In an effort to improve the management of patients with epilepsy here, a group of adult and paediatric neurologists formed the New Zealand chapter of the International League against Epilepsy (ILAE) in November 2006. The chapter was ratified at the 27th International Epilepsy Congress, held in Singapore in July 2007.
The ILAE now has chapters in 99 countries. Its goals are:
The New Zealand chapter is for health professionals with a particular interest in epilepsy. It is aimed primarily at doctors but other health professionals are also welcome to join. The NZLAE is hoping to improve the care of patients with epilepsy in a variety of ways:
There is considerable ignorance about epilepsy within the wider community, and an unacceptable degree of prejudice still occurs as a result of this lack of knowledge. Epilepsy does not have a high profile amongst those who make funding decisions regarding healthcare.
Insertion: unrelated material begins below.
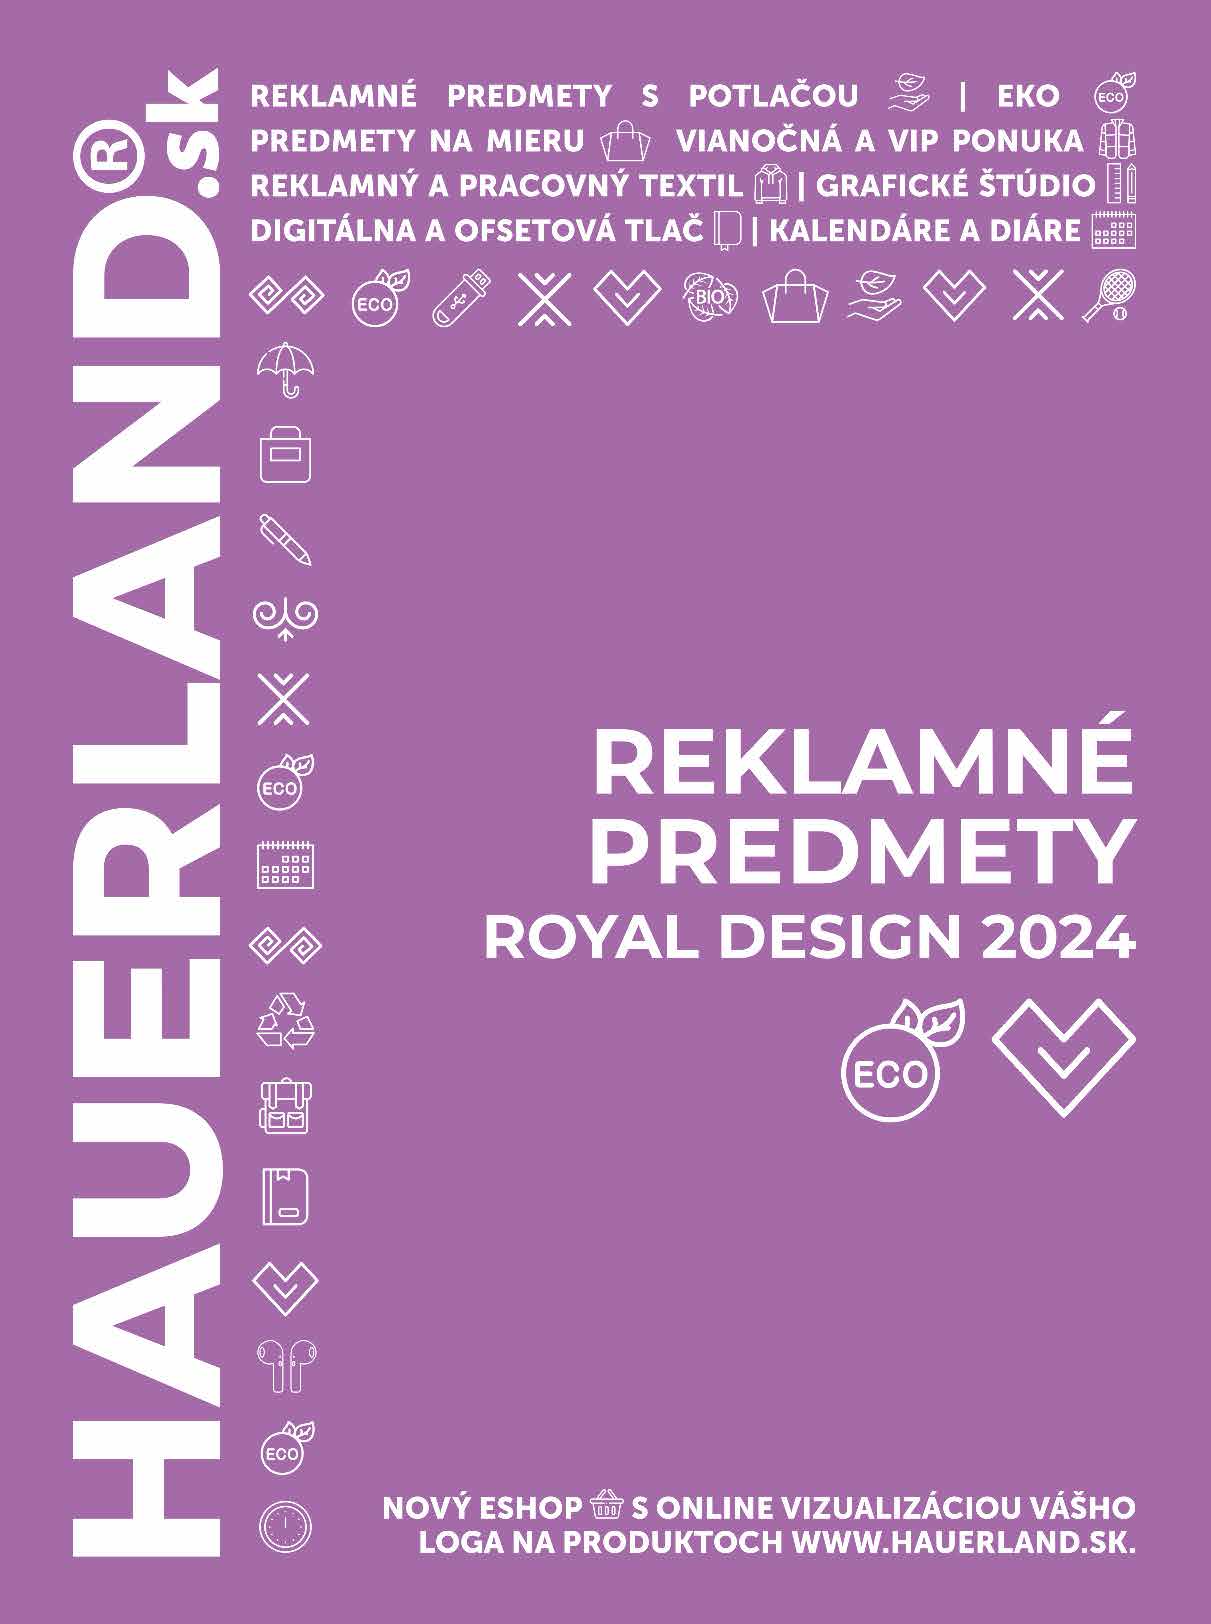 Royal Design 2024

This is probably, at least in part, because many patients with epilepsy are socially disadvantaged.
People with epilepsy often have difficulty obtaining jobs, and may be dismissed unfairly if they have a seizure at work. The NZLAE intends to work with the lay group, ‘Epilepsy New Zealand’ to help raise the profile of epilepsy within the general community. People within the broader community need to be more confident in dealing with a person having an epileptic seizure.
At present, many people are frightened when they witness an epileptic seizure, but we believe that this is primarily because of ignorance about epilepsy. We think that information on management of seizures should be given to all children in schools, so that the stigma sometimes associated with the condition can be reduced.
Although many patients with epilepsy have their seizures controlled relatively easily, there are other patients whose seizures are refractory to anti-epileptic drugs. In these situations, it is helpful to have as many options as possible for treating patients. Several drugs have been introduced to neurological practice elsewhere that are not currently available in New Zealand. Foremost amongst these is levetiracetam, which is now widely used throughout Europe, USA, and Australia. It has not yet been introduced to New Zealand, for reasons that are not entirely clear to us.
The New Zealand chapter intends to work constructively with both the drug company and the Pharmaceutical Management Agency of New Zealand (PHARMAC) to ensure that this valuable drug is made available as soon as possible for New Zealand patients.
The New Zealand chapter intends to foster and promote research into various aspects of epilepsy. Research projects currently being undertaken by members of the NZLAE include an Internet recruitment and therapy study and an epilepsy genetics study designed to find new epilepsy genes.
We are keen to explore the use of the Internet to recruit patients for epilepsy drug trials. Although there are now numerous drugs available to treat patients with epilepsy, there is surprisingly little information regarding the optimal treatment of patients with particular epilepsy syndromes. We have therefore created a database and website to collect information about patients’ seizure types and epilepsy syndromes, and will encourage neurologists to enter data on patients whose epilepsy is not easily controlled.
We have recently commenced a pilot study in which we are recruiting patients who have failed to respond to the first anti-epileptic drug they were prescribed. Patients will be randomised to receive an alternative anti-epileptic drug. We would like to recruit patients from throughout the country over the next 6 months, and invite physicians, paediatricians, and general practitioners to refer such patients to a neurologist or paediatric neurologist during this period.
The primary focus of this pilot study is to test the process of recruitment and data collection using the Internet. If we can demonstrate that research can be readily conducted in this manner, we will collaborate with epilepsy specialists in other parts of the world to run a series of studies looking at the optimal management of different epilepsy syndromes. Readers interested in further information about this approach to epilepsy trials are referred to our recently published paper.6
A significant proportion of the epilepsies are inherited and due to genetic factors.7 The objectives of the epilepsy genetic study are to describe the clinical features and genetics of epilepsies found in families, and to identify genes for these epilepsies. Children with epilepsy who have other members in their wider family with epilepsy, and children with rare epilepsy syndromes will be recruited. These individuals and their family members will be interviewed, a family tree will be constructed and blood will be taken for genetic studies.
Each family will have their epilepsy characterised in detail, which in some cases may result in new epilepsy syndromes being identified. Where it is possible to find a causative gene in the family, collaborators will perform molecular genetic analysis. Finding new epilepsy syndromes and the genes responsible for these syndromes will allow more accurate diagnosis and prognosis, and will hopefully lead to novel, improved therapies.
A task force to promote research in epilepsy in the Asia-Oceania region was recently formed, and the New Zealand chapter is now represented in this body. The inaugural meeting of the task force was held at the 27th International Epilepsy Congress, and the president of the New Zealand chapter attended this meeting.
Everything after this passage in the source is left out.